Chemical structure of the four main polyphenolic compounds. Hydroxybenzoic acids is drawn as an example of a subgroup of phenolic acids, the flavonols as the subgroup of the flavonoids, resveratrol belongs to the stilbenes, and secoisolariciresinol is an example of the lignans
Several products rich in these compounds and their estimated daily intakes are listed in Table 22.1 [5].
Phenolic Acids
Phenolic acids can be classified into derivatives of benzoic acid or derivatives of cinnamic acid. Hydroxybenzoic acids are found in only a few plants eaten by humans. Caffeic acid is the major representative of a hydroxycinnamic acid and occurs in foods mainly as an ester with chlorogenic acid. Coffee consumers have an intake of 0.5–1 g of chlorogenic acid. Hydroxycinnamic acid is also found in amounts varying from 0.5 to 2 g/kg fresh weight, mainly in the skin of mature fruits. Wheat grain contains on average 0.8–2.0 g of ferulic acid—also a hydroxycinnamic acid—per kilogram dry weight. Phenolic acids are also present in rice, wheat, and oat flour in quantities of 70–90 mg/kg fresh weight, whereas corn flour may contain up to 300 mg/kg fresh weight.
Flavonoids
The flavonoids are divided into six subclasses, depending on the oxidation status and saturation of the heterocycle group that is part of the flavonoid skeletal structure: (1) flavonols, (2) flavones, (3) isoflavones, (4) flavanones, (5) anthocyanidins, and (6) flavanols. These subclasses share a common structure that consists of two aromatic rings, bound by three carbon atoms that form an oxygenated heterocycle. Flavonoids naturally occur mostly as glycosides rather than as aglycones.
Flavonol
The most widely known flavonols are quercetin and kaempferol. Flavonols mainly accumulate in the skin and leaves of vegetables, due to the fact that the biosynthesis of flavonols is stimulated by light.
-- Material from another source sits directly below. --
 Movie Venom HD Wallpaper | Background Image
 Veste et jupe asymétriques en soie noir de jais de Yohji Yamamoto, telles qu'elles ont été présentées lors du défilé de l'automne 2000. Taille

Therefore, the flavonol content of the same species can be very different; cherry tomatoes for instance have a higher flavonol content than regular tomatoes, caused by the different ratios of skin to whole fruit.
Flavonol
Flavones are present in herbs such as parsley, but also chamomile tea, celery, tangerines, and some other citrus fruits contain flavones.
Isoflavones
Soybeans are a main source of isoflavones, whereas its content in other beans and peas like kidney beans, black beans, and chickpeas is low. The level of the isoflavones genistein and daidzein in soybeans varies and depends on the geographic zone where the beans are cultivated. Growing conditions and processing also influence the isoflavone content of soybeans, which varies between 580 and 3800 mg/kg fresh weight. In soy milk, this content lies between 30 and 175 mg/L. The intake of isoflavones differs widely around the world. In Asian countries, more soy products are consumed compared to Western countries, which is reflected in a higher estimated daily intake, as indicated in Table 22.1.
Flavanones
are mainly found in the solid parts and the membranes separating the segments of citrus fruits. Therefore, a five times higher flavanone content is found in whole fruits compared to juice.
Anthocyanidin
is present in fruits and vegetables that have red, blue, and purple pigments. Black currants and blackberries contain about 2–4 g of anthocyanidin per kilogram fresh weight. The amount of anthocyanidins in a food product relates to its color intensity. Furthermore, anthocyanidin is found in fruit skin and its content becomes higher as a fruit ripens.
Flavanol/flavan-3-ol
The main flavanols are catechin and epicatechin, which are present in cocoa beans, dark chocolate, and green tea. A cup of green tea can provide up to 200 mg catechins. Several processes and conditions affect the flavanol content of cocoa, such as the variety and country of origin. Also the fermentation and roasting process, that has been applied, determines the flavanol content of cocoa beans.
Stilbenes
The most widely known and studied stilbene is trans-resveratrol, which is found in low quantities in red wine and in the skin of black grapes. The average trans-resveratrol content of red wines is 1.9 mg/L, varying from nondetectable levels up to 14.3 mg/L. Trans-resveratrol is thought to play a role in explaining the “French paradox.”
Lignans
A rich dietary source of lignans is flaxseed (> 300 mg/100 g). Other sources are cereals, grains, fruits, and certain vegetables. Lignan content of grain products varies from 7 to 764 mg/100 g [6].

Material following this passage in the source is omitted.